How are Python multithreading and multiprocessing related?

With the help of Python multithreading and multiprocessing, Python code can run concurrently. With the help of multiprocessing, codes can be made parallel.

Python is just like any other programming language that has features and functionalities that any developer would love to embrace. However, the programing language does see a lot of criticism on the grounds of the fact that it is difficult to use Python for multithreaded work.

Such discussions generally point the finger at the global interpreter lock or GIL. Global interpreter lock inhibits multiple threads of Python code from running simultaneously. With this reason, the Python multithreading module sometimes behaves unexpectedly for developers who do not have much information on Python.  If interested in how logging from Python apps looks, check this page.

Developers typically from Java or C++ background face many difficulties while choosing the same. However, Python gives the advantage of writing the codes that are running concurrently or in parallel to make a significant difference in the resulting performance. However, developers need to take care of certain things.  

This Python concurrency guide will feature a small Python script to allow downloading of famous images from Imgur (the online image-sharing community). I will start with a version that downloads image one at a time. For initiating, it is vital to have a registered app on Imgur. In case, you have one, it’s great. In case, you lack such an app, create one and come along.   

Let’s Get Started

I will be creating a Python module first, called download.py. This file will have all the prerequisites to fetch the list of images and to download the same. Let’s separate these functionalities into different functions as stated here.

  • get_links
  • download_link
  • setup_download_dir

I will use the third functionality setup_download_dir to create a download destination directory in case there is none.

Imgur’s API needs HTTP requests to take the Authorization header with the client ID. One can get this client ID from the dashboard of the application that was just registered on Imgur, and the response will be JSON encoded.

Here Python’s standard JSON library can be used to decode it.

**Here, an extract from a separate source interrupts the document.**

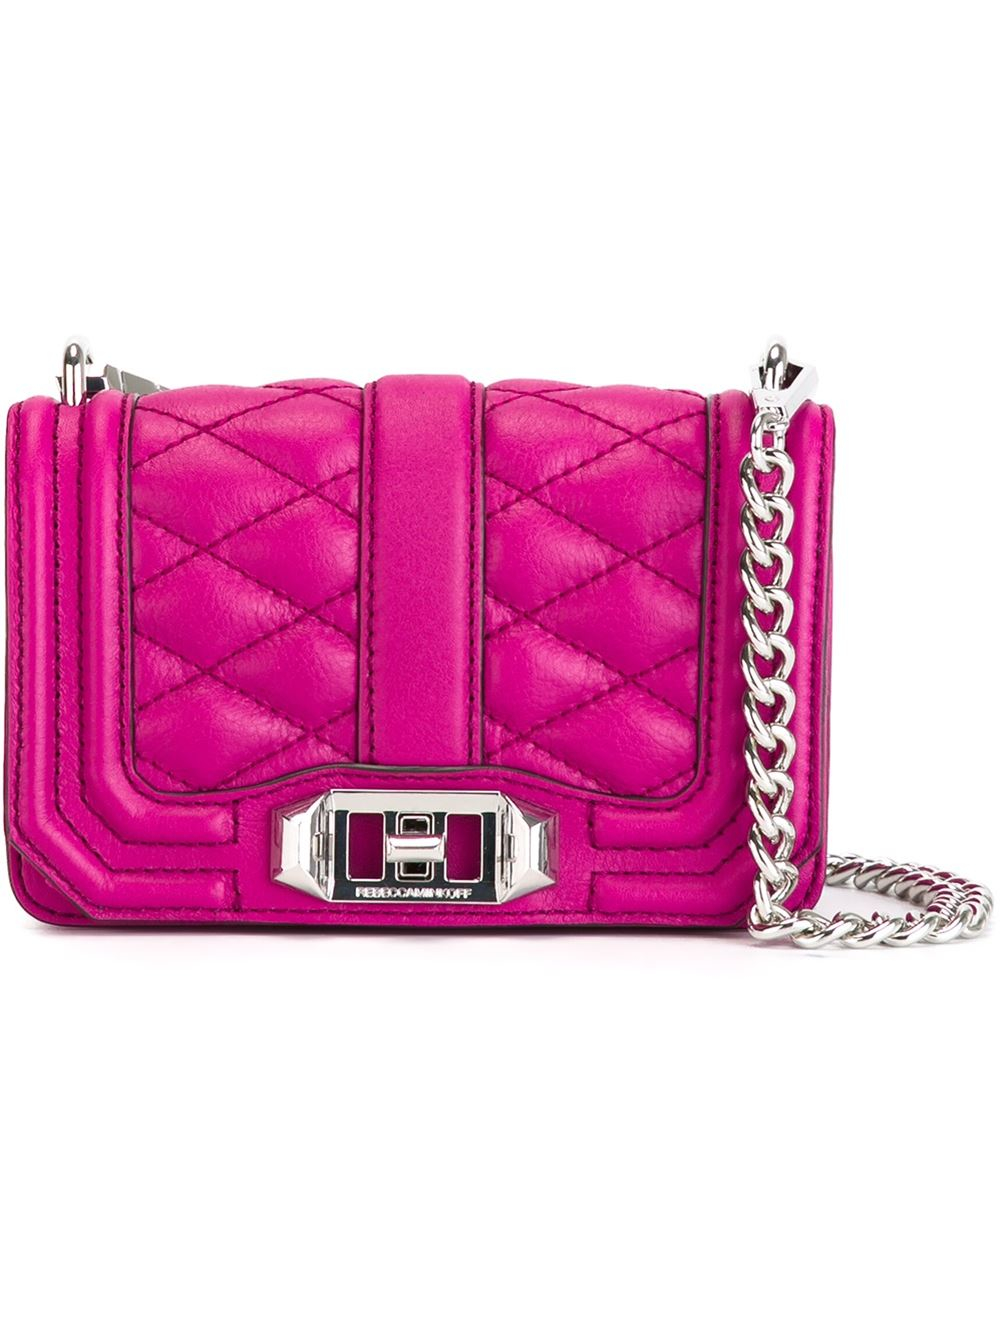 Rebecca minkoff 'love' Cross Body Bag in Pink | Lyst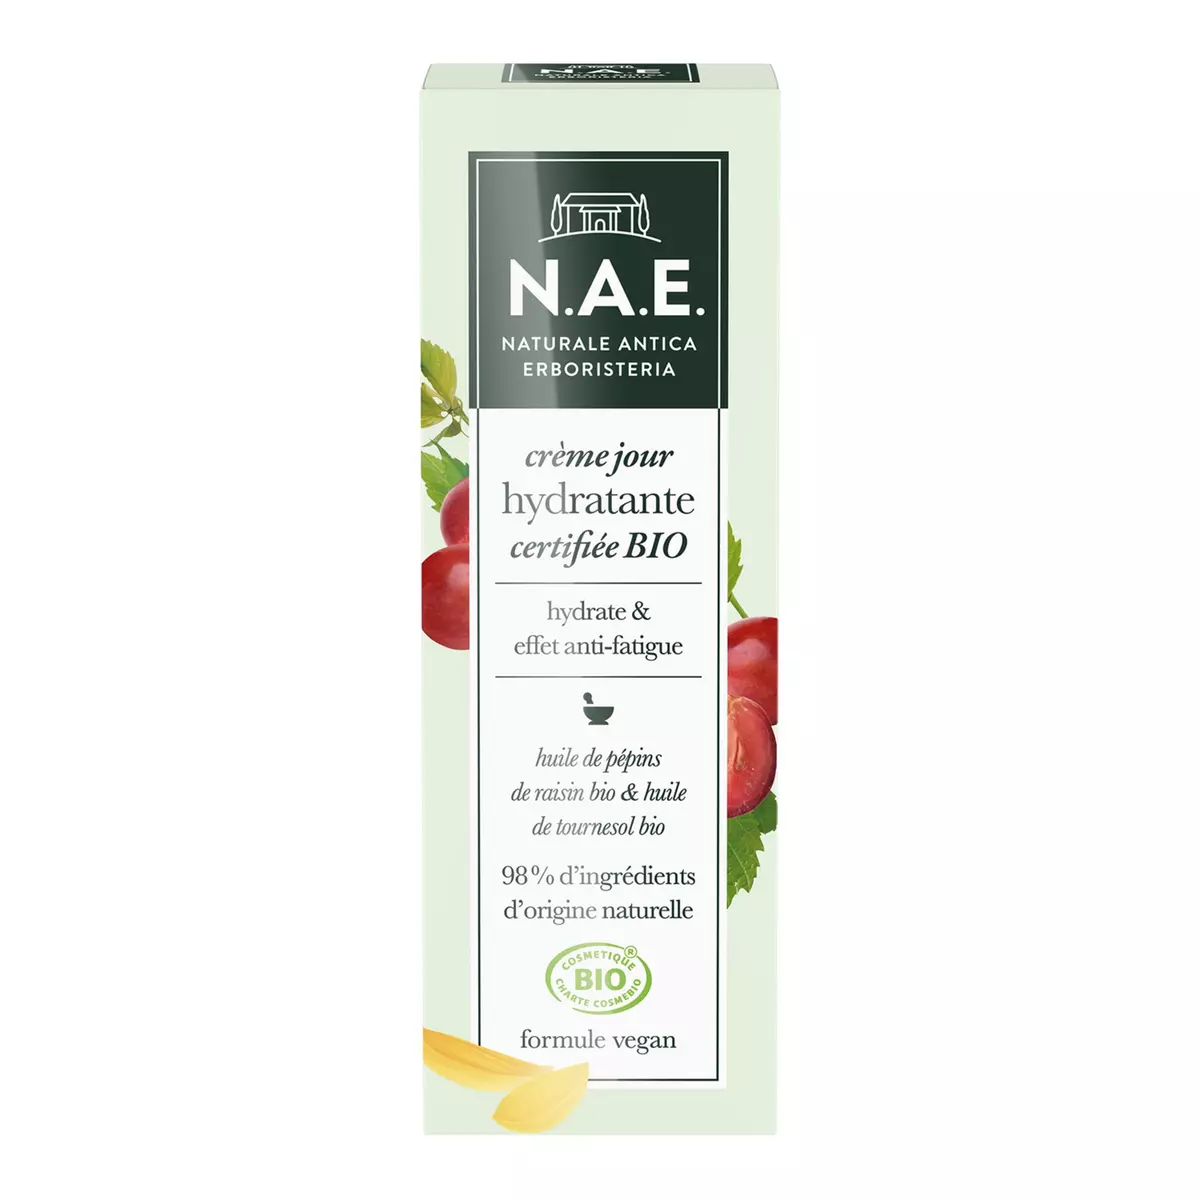 N.A.E Crème jour hydratante bio et vegan huile de raisin & tournesol bio 50ml

Now, it comes to downloading, and all that it requires is to fetch the image by its URL and write it to a file.

Here is the blueprint of the script

import json
import logging
import os
from pathlib import Path
from urllib.request import urlopen, Request
logger = logging.getLogger(__name__)

def get_links(client_id):
  headers = {'Authorization': 'Client-ID {}'.format(client_id)}
  req = Request('https://api.imgur.com/3/gallery/', headers=headers, method='GET')
  with urlopen(req) as resp:
      data = json.loads(resp.readall().decode('utf-8'))
  return map(lambda item: item['link'], data['data'])

def download_link(directory, link):
  logger.info('Downloading %s', link)
  download_path = directory / os.path.basename(link)
  with urlopen(link) as image, download_path.open('wb') as f:
      f.write(image.readall())

def setup_download_dir():
  download_dir = Path('images')
  if not download_dir.exists():
      download_dir.mkdir()
  return download_dir

Now, it is the time to create a module having functions to download the images one after another. Let’s name it single.py. It will include the primary function of the first version of the Imgur image downloader. The environment variable IMGUR_CLIENT_ID will have retrieved the Imgur client ID. It will start the setup_download_dir to create a download directory.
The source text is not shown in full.